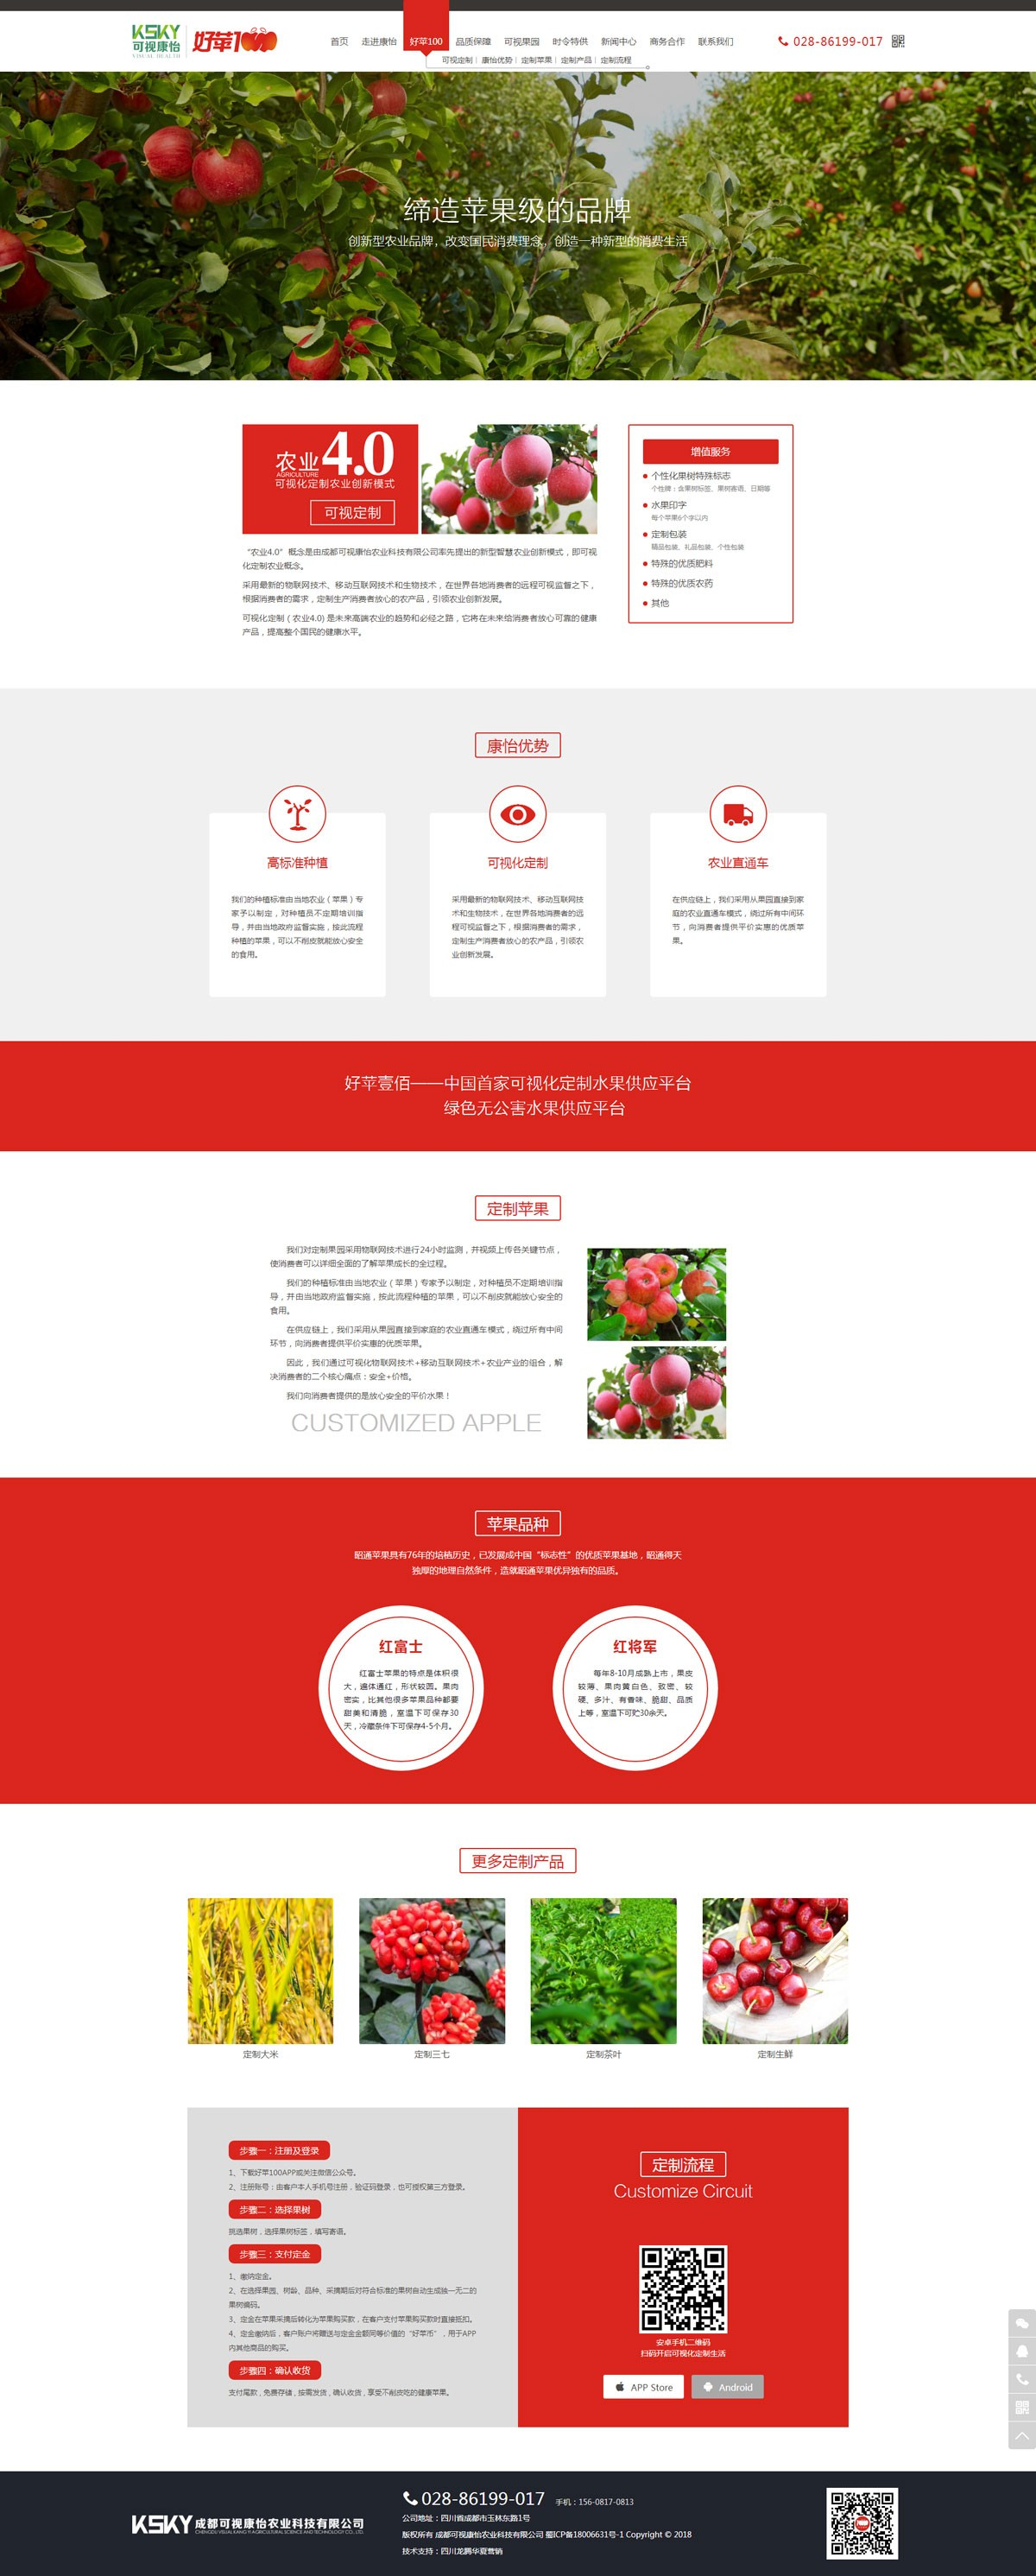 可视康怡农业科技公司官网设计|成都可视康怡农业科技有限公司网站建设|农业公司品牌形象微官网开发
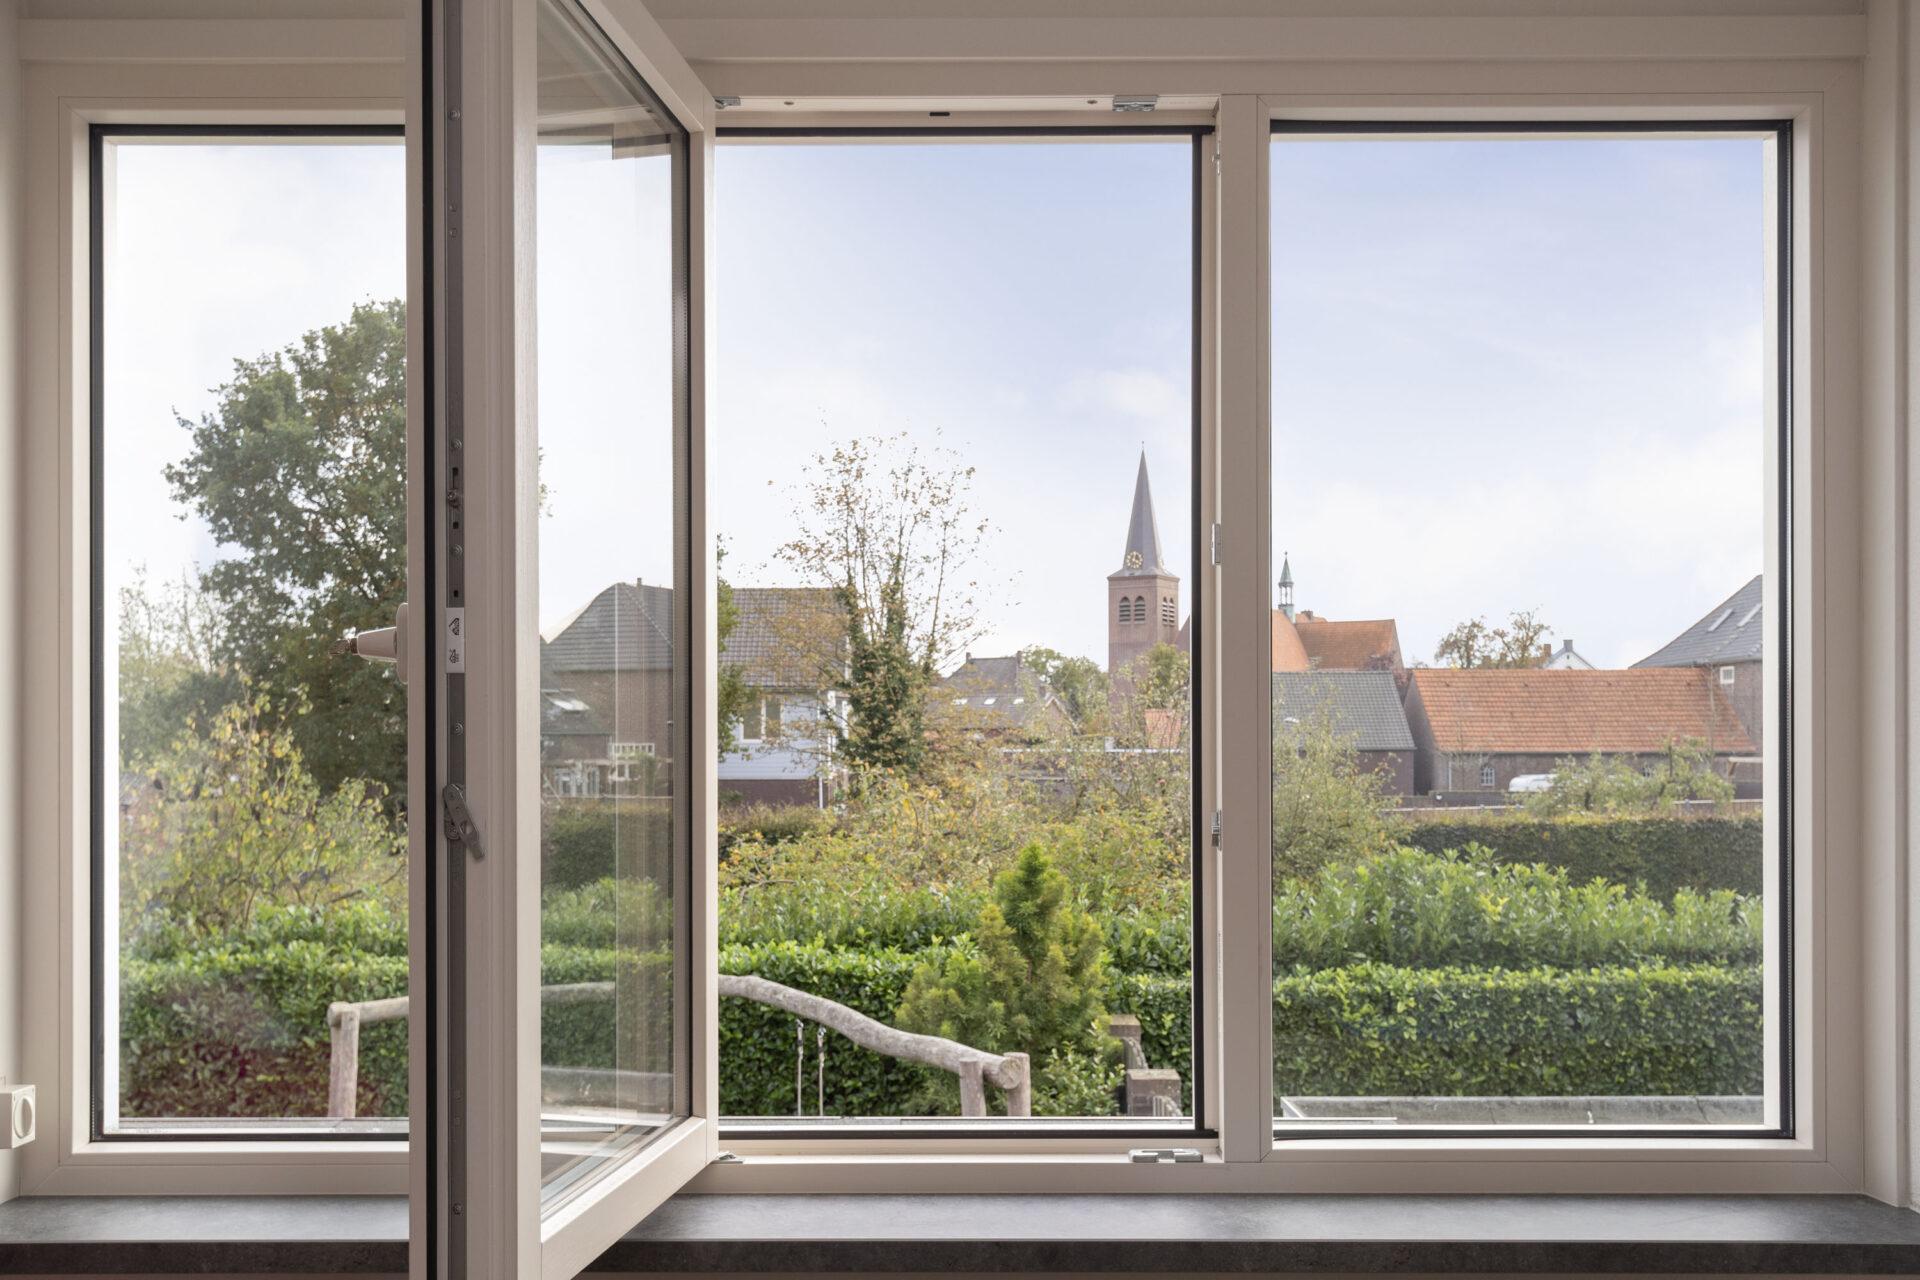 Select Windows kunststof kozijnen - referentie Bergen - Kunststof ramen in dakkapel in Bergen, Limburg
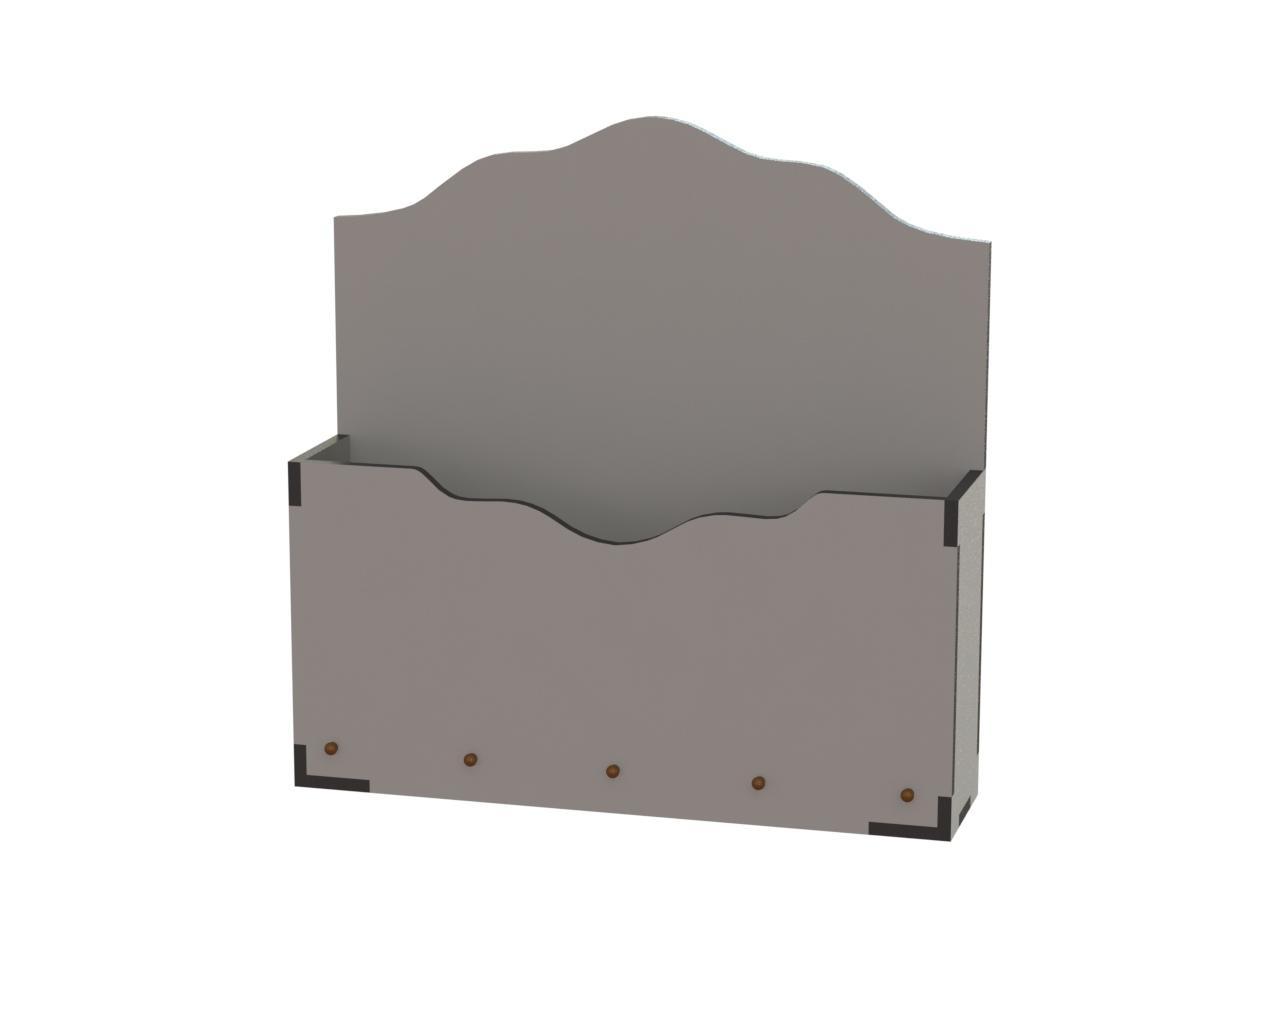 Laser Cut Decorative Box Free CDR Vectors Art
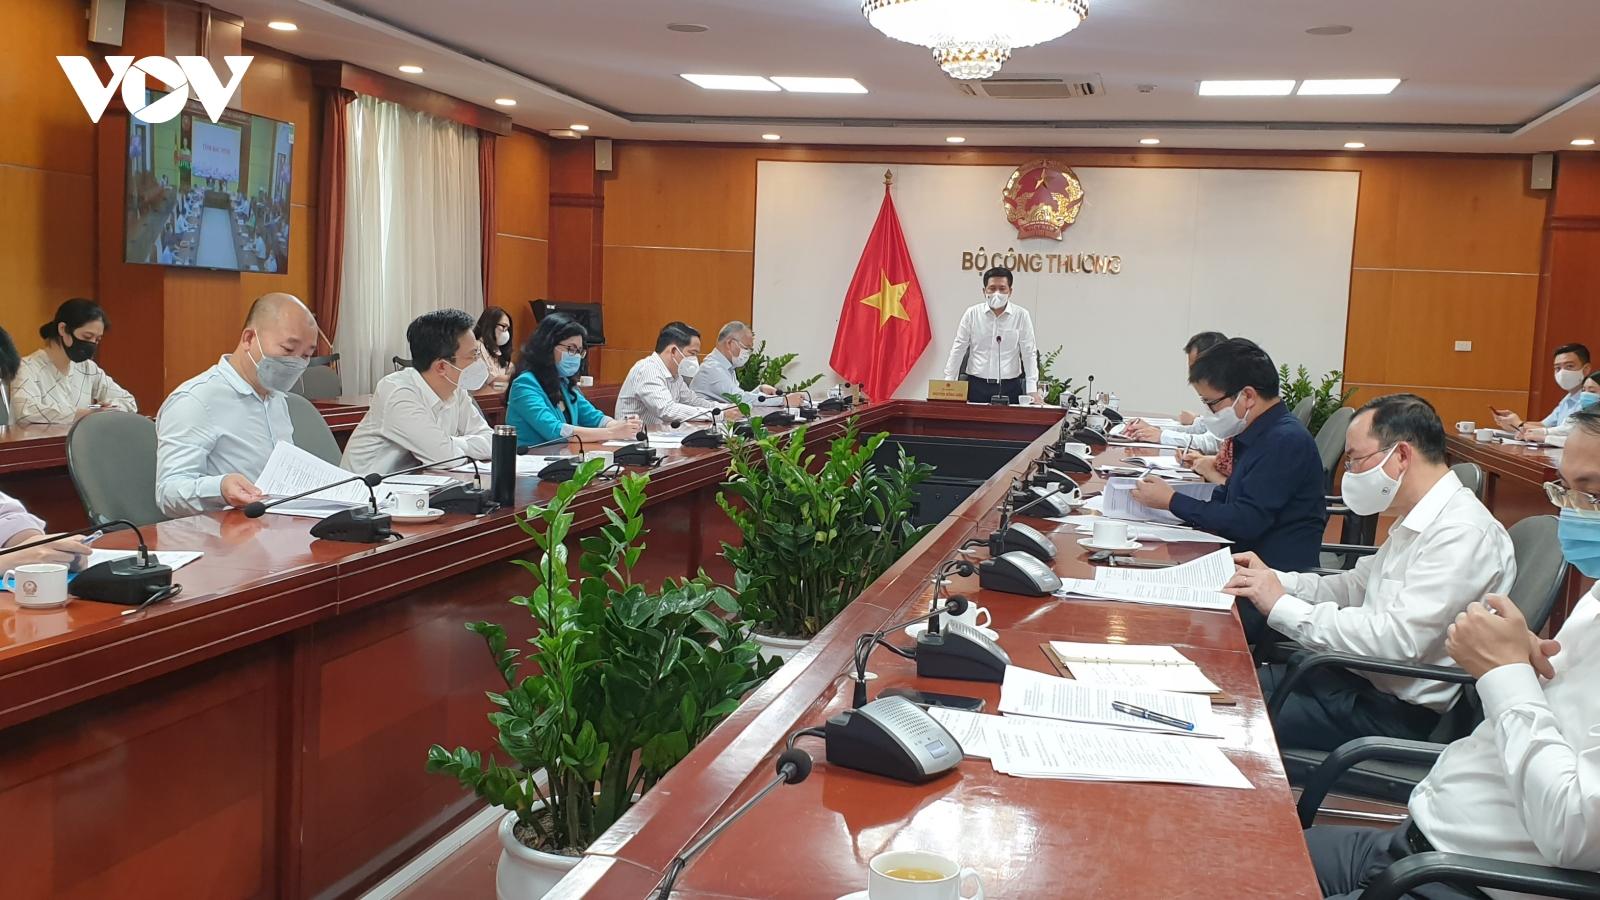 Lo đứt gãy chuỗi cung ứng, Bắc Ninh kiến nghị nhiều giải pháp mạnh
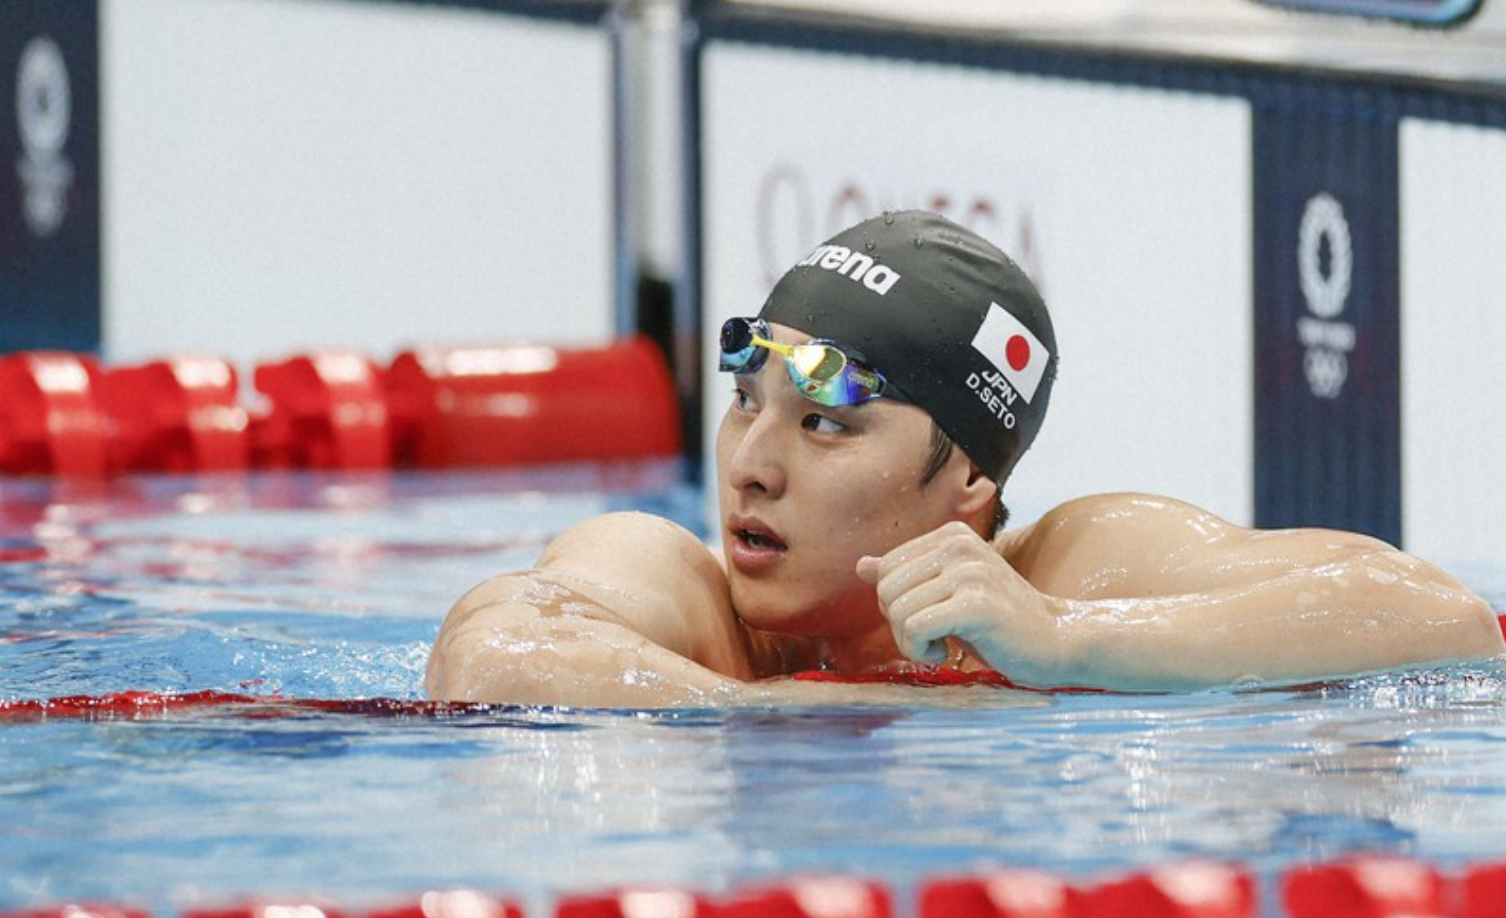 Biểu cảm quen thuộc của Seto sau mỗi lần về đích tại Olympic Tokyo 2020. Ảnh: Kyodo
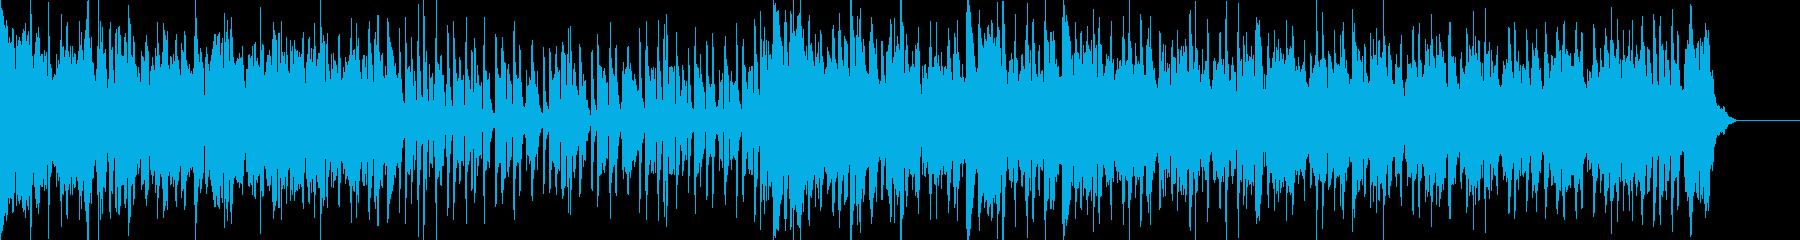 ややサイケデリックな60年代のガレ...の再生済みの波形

• What you need to do: Please print exactly the lines from the one holding "Lo đứt gãy chuỗi" through the final line of the data above, including both, and skip all pictures.

• Response to this exercise:
 Lo đứt gãy chuỗi cung ứng, Bắc Ninh kiến nghị nhiều giải pháp mạnh
 Biểu cảm quen thuộc của Seto sau mỗi lần về đích tại Olympic Tokyo 2020. Ảnh: Kyodo
 ややサイケデリックな60年代のガレ...の再生済みの波形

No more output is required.